The last dog is my one year old prospect, Butter the GSD. He's czech/ddr from Oceanov Domu in Alabama. We've been having a lot of fun, he's crazy about it already. He's also done Fast CAT, Barn Hunt, and Updog (frisbee games). But I really wanted to go IGP since forever ago so it's our focus now.

Here is a video I took on week two of him in a puppy circle if anyone is curious. This was his second time ever seeing a decoy wearing a sleeve so I am proud. I thought he was going to be tool chill and neutral to care but he "turns on" nicely


----------



## Rosebud99 (9 mo ago)

Fervious said:


> Here is a video I took on week two of him in a puppy circle if anyone is curious.

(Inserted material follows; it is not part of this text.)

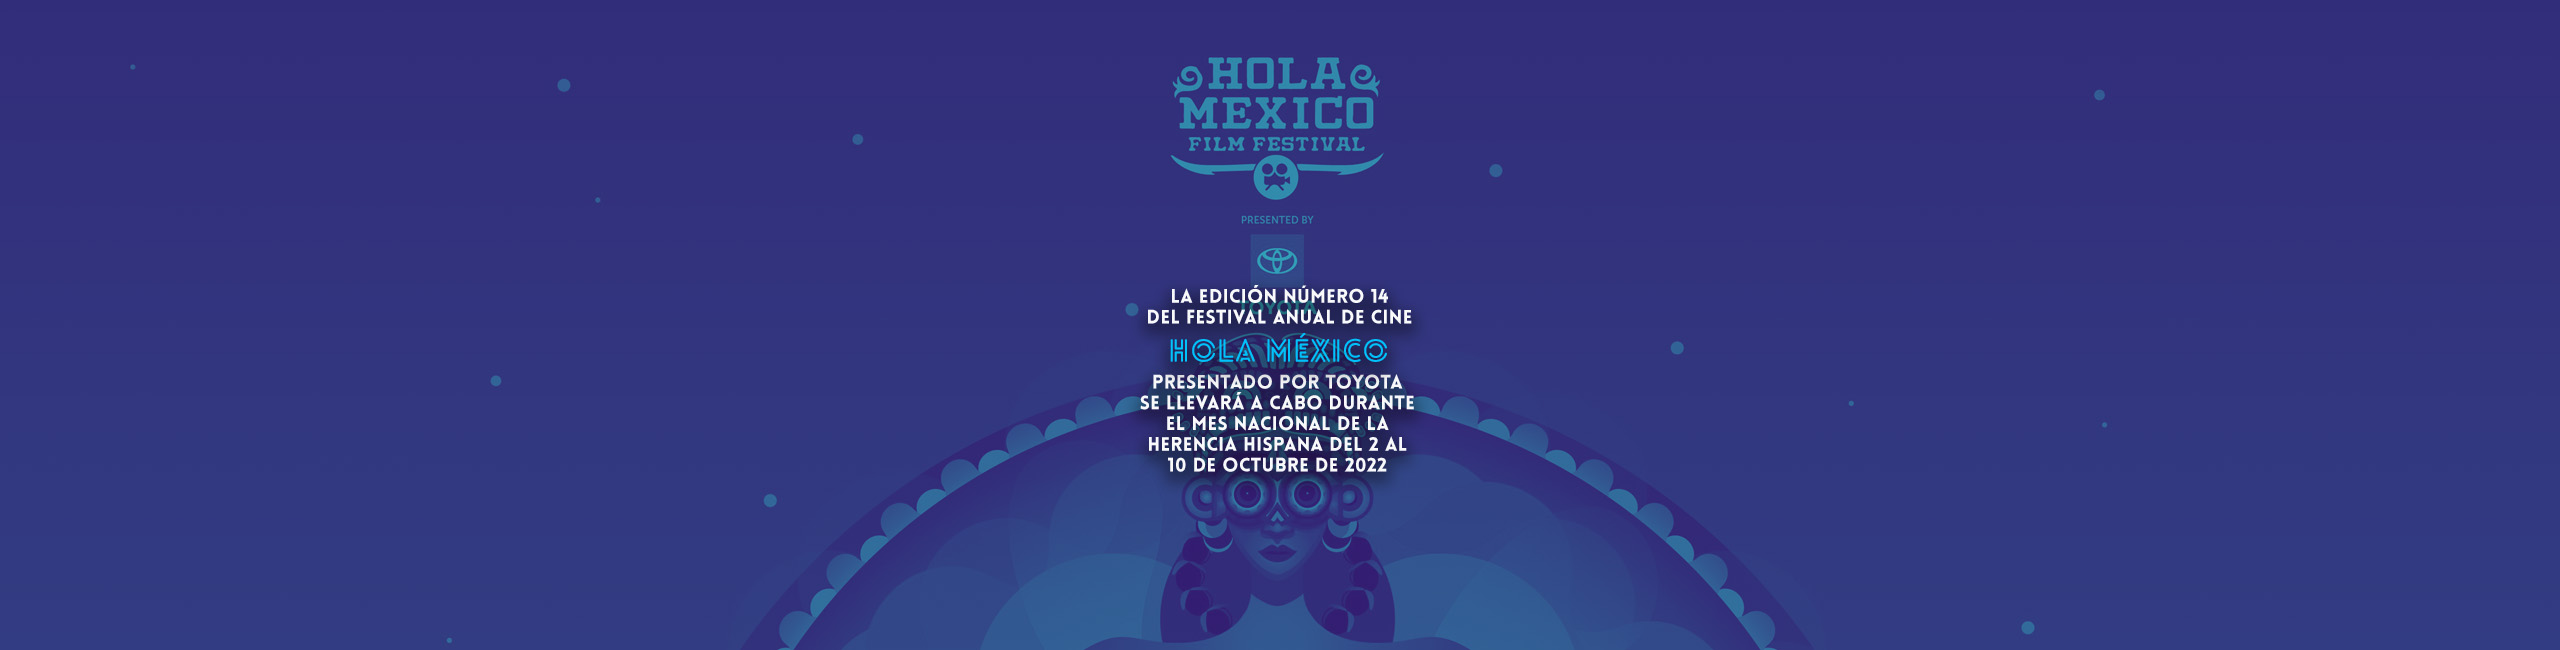 La edición número 14 del festival anual de cine Hola México presentado por Toyota se llevará a cabo durante el mes nacional de la herencia hispana del 2 al 10 de octubre de 2022

Which one is Butter in the video?


----------



## shanebarta7 (10 mo ago)

good luck in growing your membership. If you are ever in south Florida come visit us at Treasure Coast Working Dogs, we are a DVG club


----------



## Fervious (Apr 30, 2016)

Rosebud99 said:


> Which one is Butter in the video?


The one closest to the camera with me in the black shirt


----------



## Rosebud99 (9 mo ago)

Fervious said:


> The one closest to the camera with me in the black shirt


Wow! of the dogs visible in the video he was really "on!" That must have been really fun for you! Thanks for sharing. I really enjoyed watching it. I never had an opportunity to witness that kind of stuff here. I found out after the fact that local club held the American Schutzhund National Championship on memorial Day weekend. So disappointed I missed it. Ii would have loved to have watched it.


----------



## Rosebud99 (9 mo ago)




----------



## CEMC (May 2, 2020)

shanebarta7 said:


> good luck in growing your membership. If you are ever in south Florida come visit us at Treasure Coast Working Dogs, we are a DVG club


I live in Kendall (South Miami-Dade) I have been searching for a good training club for working dogs (I have a male GSD). Can you recommend a name near me. If not, how can I find out more about your club.


----------



## Bearshandler (Aug 29, 2019)

shanebarta7 said:


> good luck in growing your membership. If you are ever in south Florida come visit us at Treasure Coast Working Dogs, we are a DVG club


Does Timo Rieg train with your club?


----------



## shanebarta7 (10 mo ago)

CEMC said:


> I live in Kendall (South Miami-Dade) I have been searching for a good training club for working dogs (I have a male GSD). Can you recommend a name near me. If not, how can I find out more about your club.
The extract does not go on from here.